Lo que nos acontece en nuestra vida privada debería ser tema en la vida pública también, porque si una una mujer vive violencia doméstica, debe preocuparnos que sus derechos no se están cumpliendo, por eso decimos que lo personal es político; por esta razón y porque de todas las situaciones, por terribles que sean, hay algo para rescatar y crecer, voy a abrir mi alma y mi corazón en este escrito que habla de cómo aprendí a practicar la sororidad.

¿Qué es la sororidad?, Es un maravilloso término que creó y difundió la doctora Marcela Lagarde, que la define en su libro El feminismo en mi vida como:

 “La sororidad es una dimensión ética, política y práctica del feminismo contemporáneo. Es una experiencia subjetiva de las mujeres que conduce a la búsqueda de relaciones positivas y a la alianza existencial y política cuerpo a cuerpo, subjetividad a subjetividad con otras mujeres, para contribuir a la eliminación social de todas las formas de opresión y al apoyo mutuo para lograr el poderío genérico de todas y el empoderamiento vital de cada mujer.”. 

Es un pacto político entre mujeres para generar un bienestar y dignidad por y para nosotras, así que este espacio de eso se trata, de llevar la sororidad de la teoría a la práctica.

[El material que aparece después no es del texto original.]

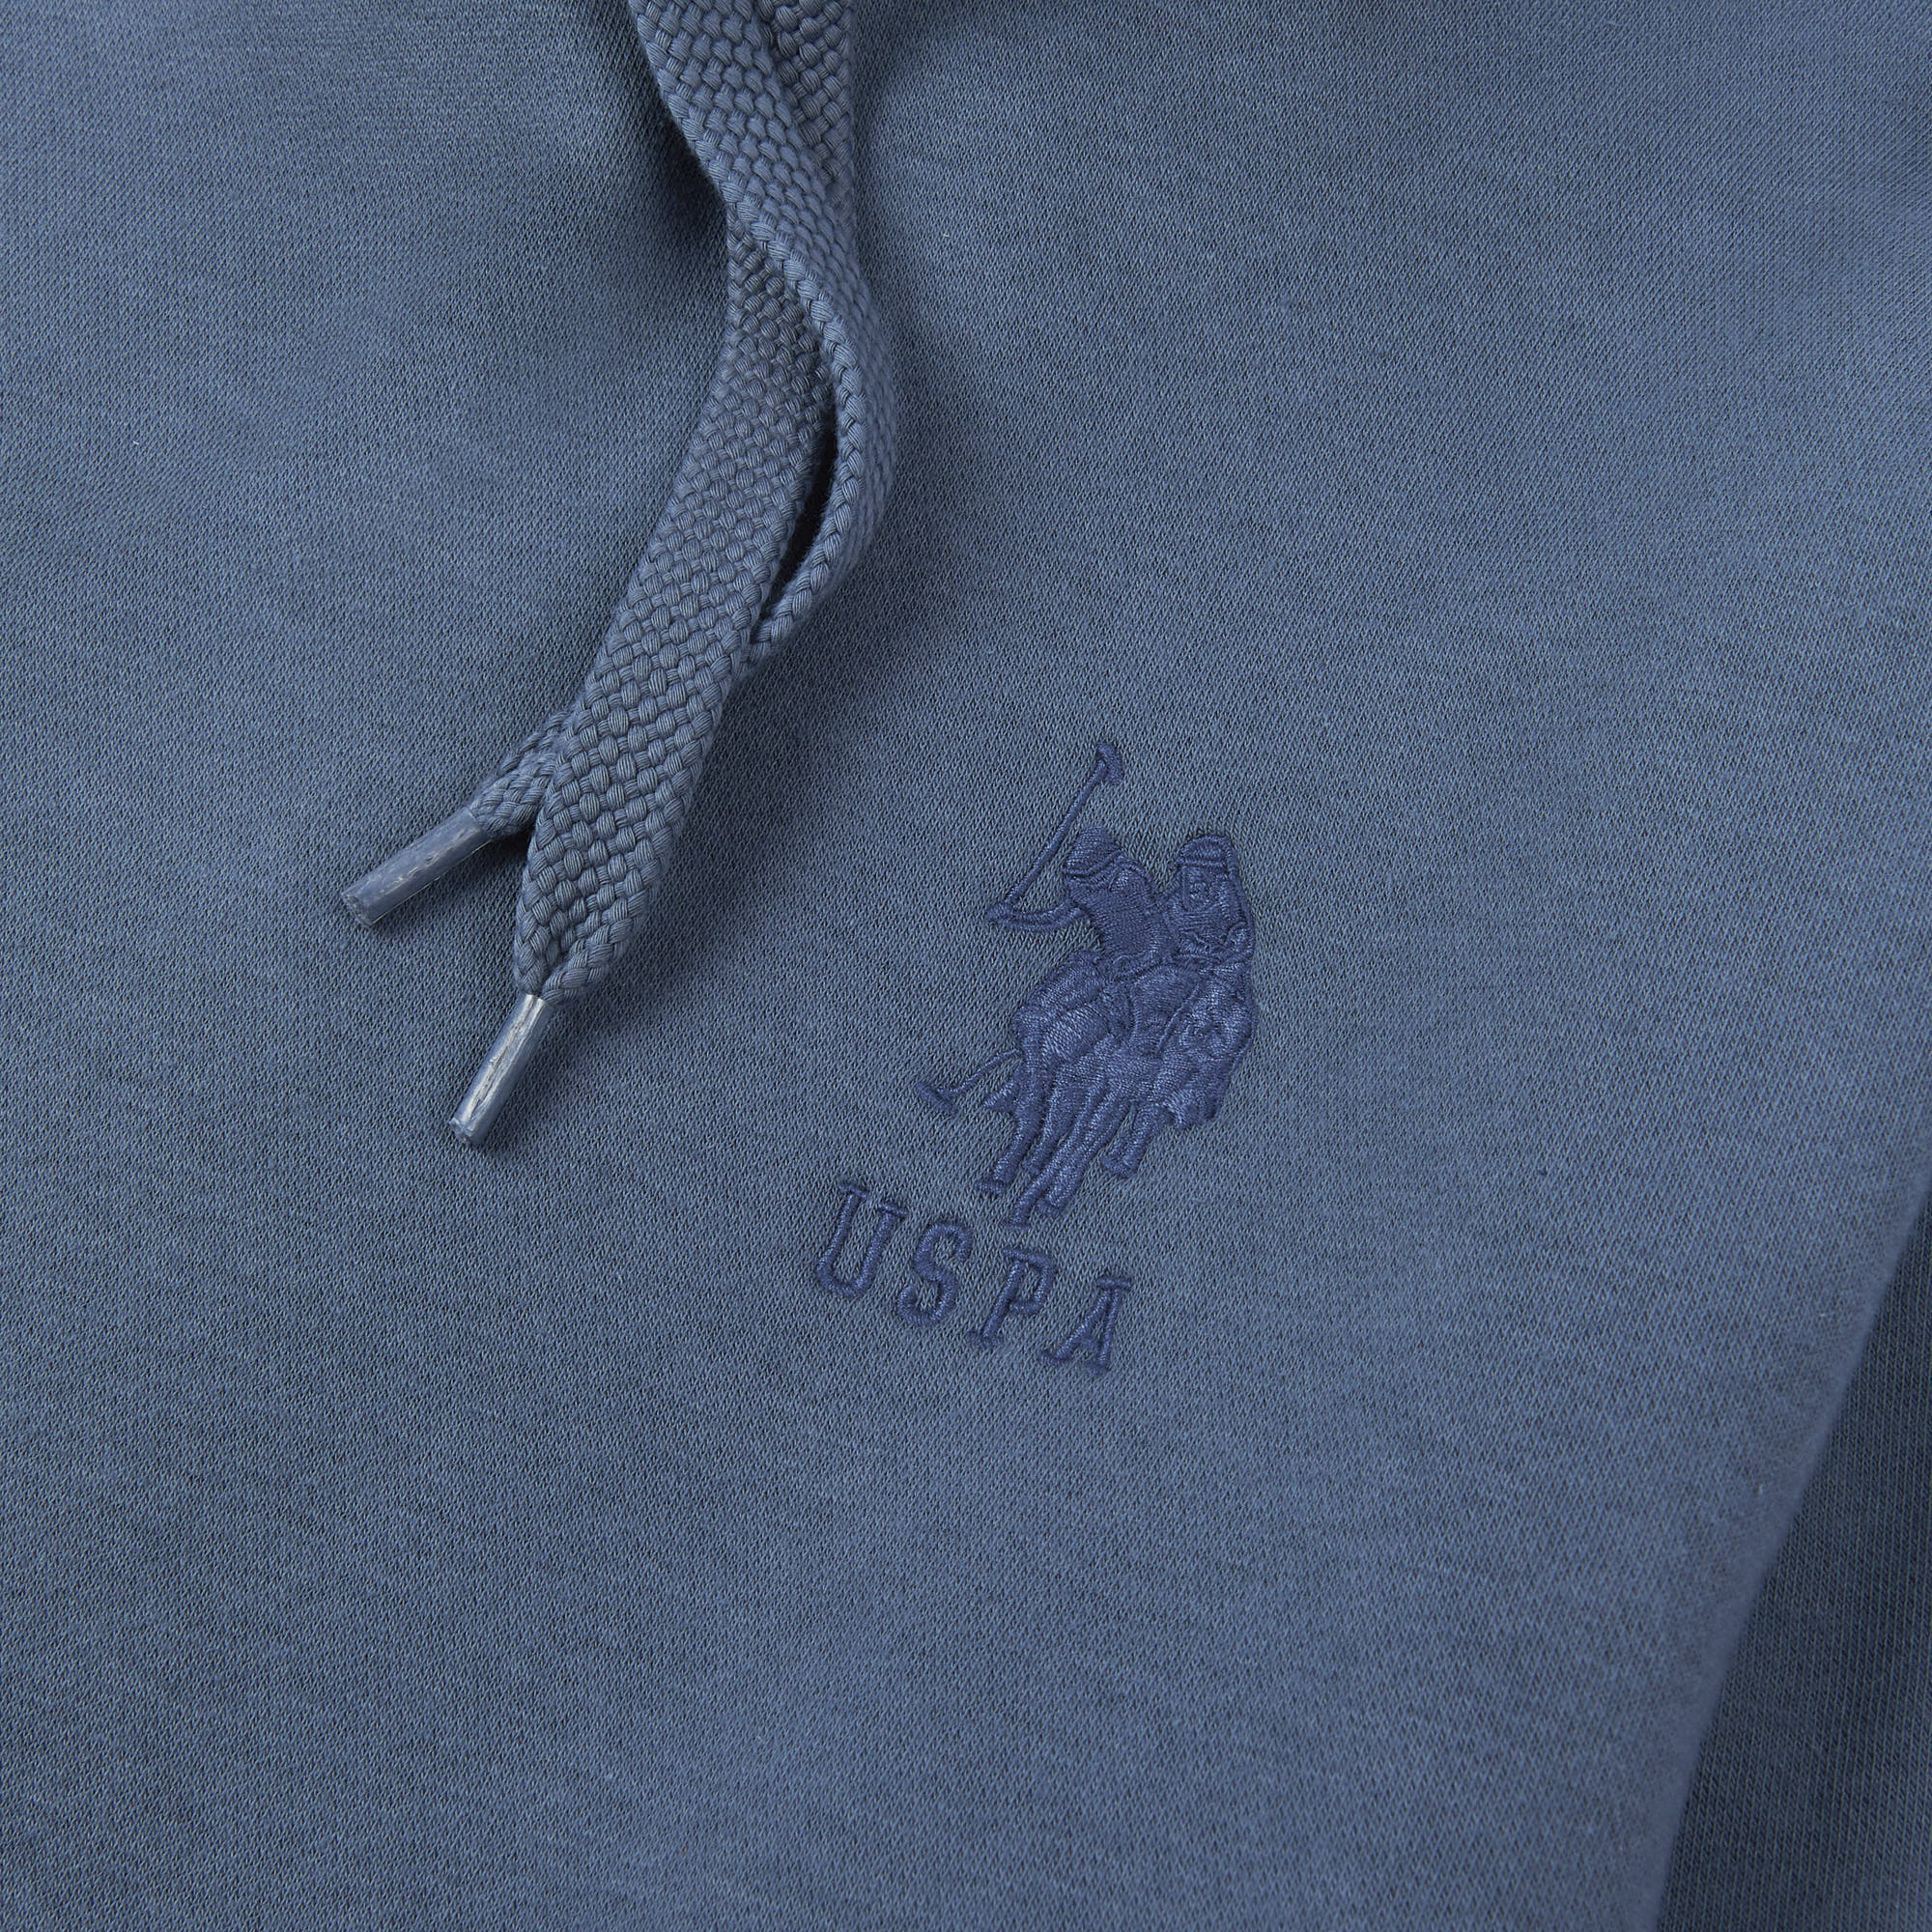 Mens Player 3 Hoodie in China Blue

La sociedad y el sistema han creado disputas y enfrentamientos entre mujeres, viéndonos como objetos de consumo que se pueden “ganar” o “perder”, donde nuestra plusvalía va desde qué tanto nos arreglamos para salir a la calle hasta cómo cocinamos. También se nos ha enseñado el odio a nuestro cuerpo sea como sea, a ver nuestros defectos antes que nuestras virtudes; se nos han enseñado prácticas de auto-odio. Y es por ello, por lo que les contaré, cómo mediante una situación difícil, ella y yo logramos la sororidad y el amor propio.

Empezó todo en mayo de 2019, cuando volví a hablar con un chico con el cual había tenido una relación. Él y yo vivíamos en un constante estar y no estar desde hace tres años, pero el amor romántico a veces gana la batalla y te hace pensar que esta vez todo va a ser diferente. Pero no. Él y yo nos mensajeábamos todo el tiempo, hablábamos por teléfono cada dos o tres días y todo iba de maravilla, a pesar de la distancia porque él vive en otro estado y yo en la CDMX, pero vamos, que el amor todo lo puede ¿cierto? que a pesar de la distancia y el tiempo si es amor va a durar. O al menos eso es lo que nos dicen. 

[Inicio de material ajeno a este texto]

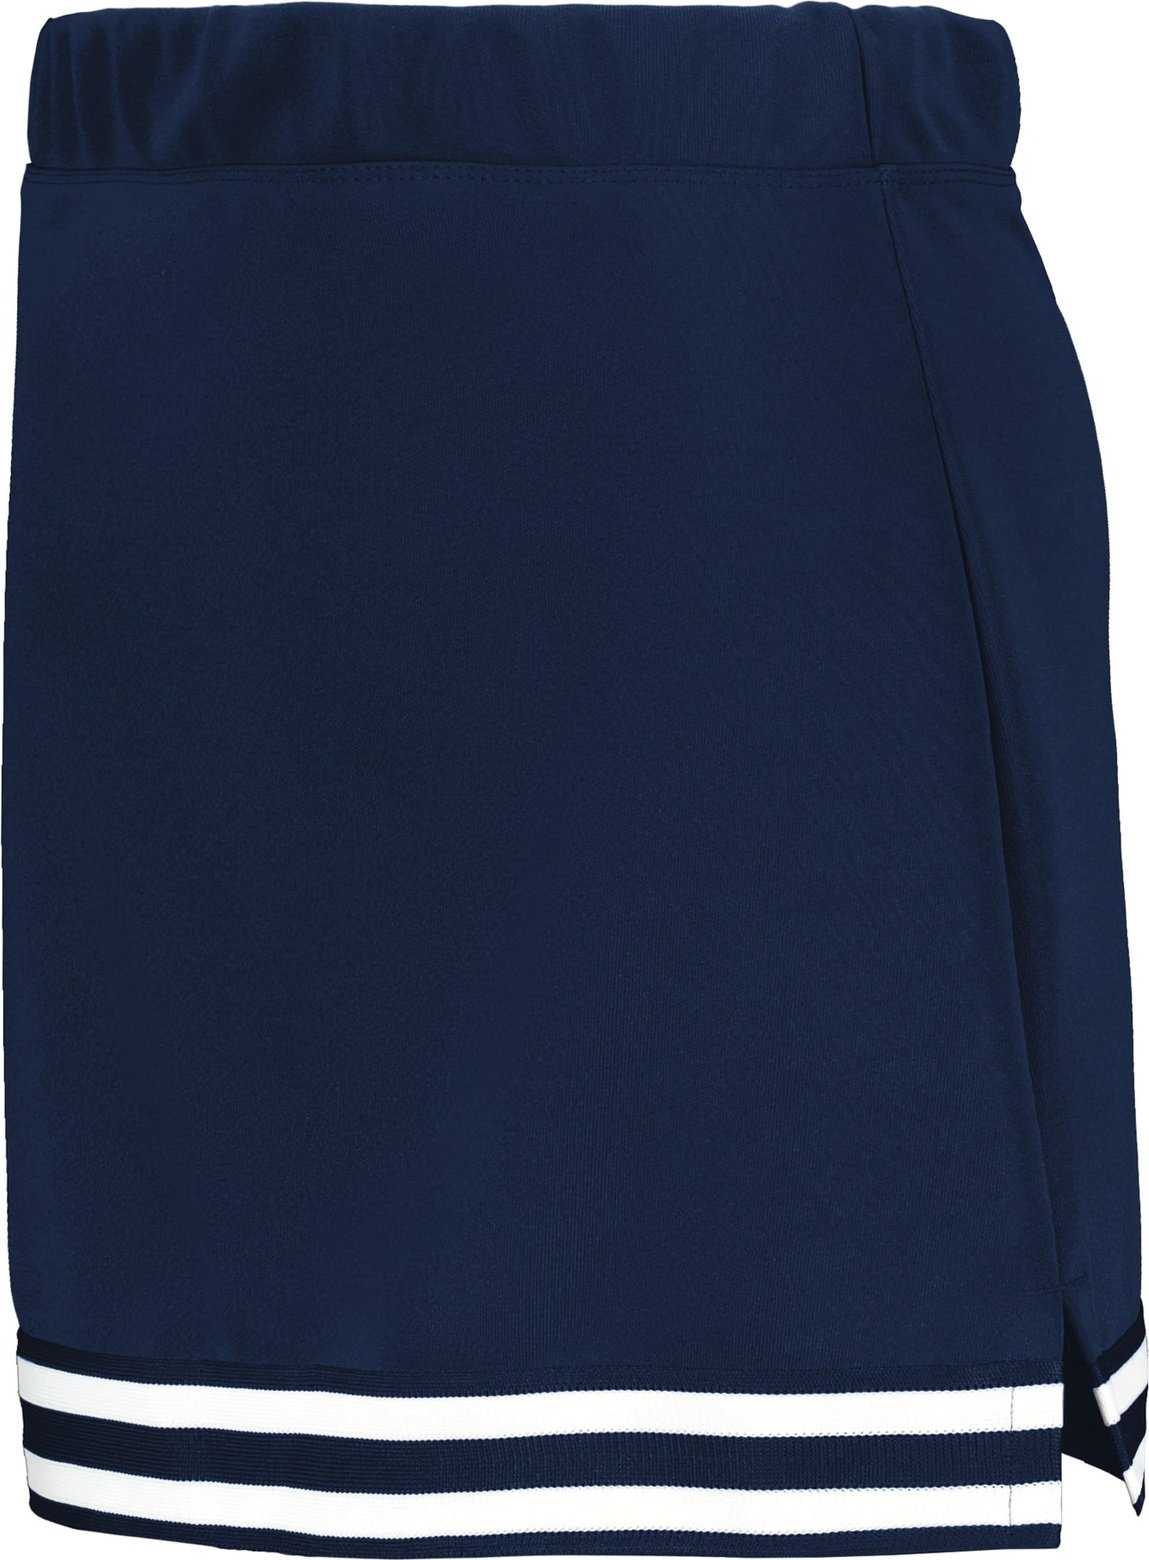 Augusta 6925 Ladies Cheer Squad Skirt - Royal Royal White - HIT a Double

En julio él vino de visita, nos vimos aquel martes 16 y la pasamos maravillosamente. Fuimos a un festival de flores y plantas, después lo llevé a que probara mis tacos veganos favoritos y finalmente a Parque México. Ahí, estuvimos hablando de lo que en otras ocasiones habíamos planeado: conocer lugares, viajar, tatuarnos e incluso casarnos. Pero nada de eso era cierto, al menos no para él. El 20 de julio lo volví a ver y fuimos a comer, cuando nos despedimos me dijo que probablemente esa sería la última vez que le veía, y yo le dije que claro, empezaba el semestre y con eso las tareas, los exámenes, los proyectos, etc. pero nos veríamos una vez que ambos saliéramos de vacaciones. Él sabía que no sería así. En la noche de ese sábado, un mensaje llegó a cambiarlo todo; era ella deseándome una vida feliz a lado de él y diciéndome que entre mujeres la guerra no debería ser, yo no tenía ni idea de quién era, pero bastó un rápido intercambio de mensajes para darnos cuenta de que ambas estábamos en una ilusión constante con dos meses previos de duración, ella me pidió mi teléfono y hablamos unos minutos, en los cuales lloramos, fuimos honestas una con la otra y lamentamos mucho que estuviéramos pasando por algo así de terrible. Es increíble que, con todo el dolor, la impotencia y la impresión que vivíamos en ese momento, nos hicimos fuertes una a la otra, porque a pesar de no conocernos, compartíamos más que cualquier otro conjunto de personas en ese momento en el mundo, no hacía falta hablar, las dos sabíamos exactamente por lo que estaba pasando la otra y nos limitamos a hablar bien de ambas, a recordarnos lo maravillosas que somos y que ninguna tenía la culpa de nada. Un abrazo a la distancia y la luz enviada de otro estado a CDMX y viceversa, terminó la conversación.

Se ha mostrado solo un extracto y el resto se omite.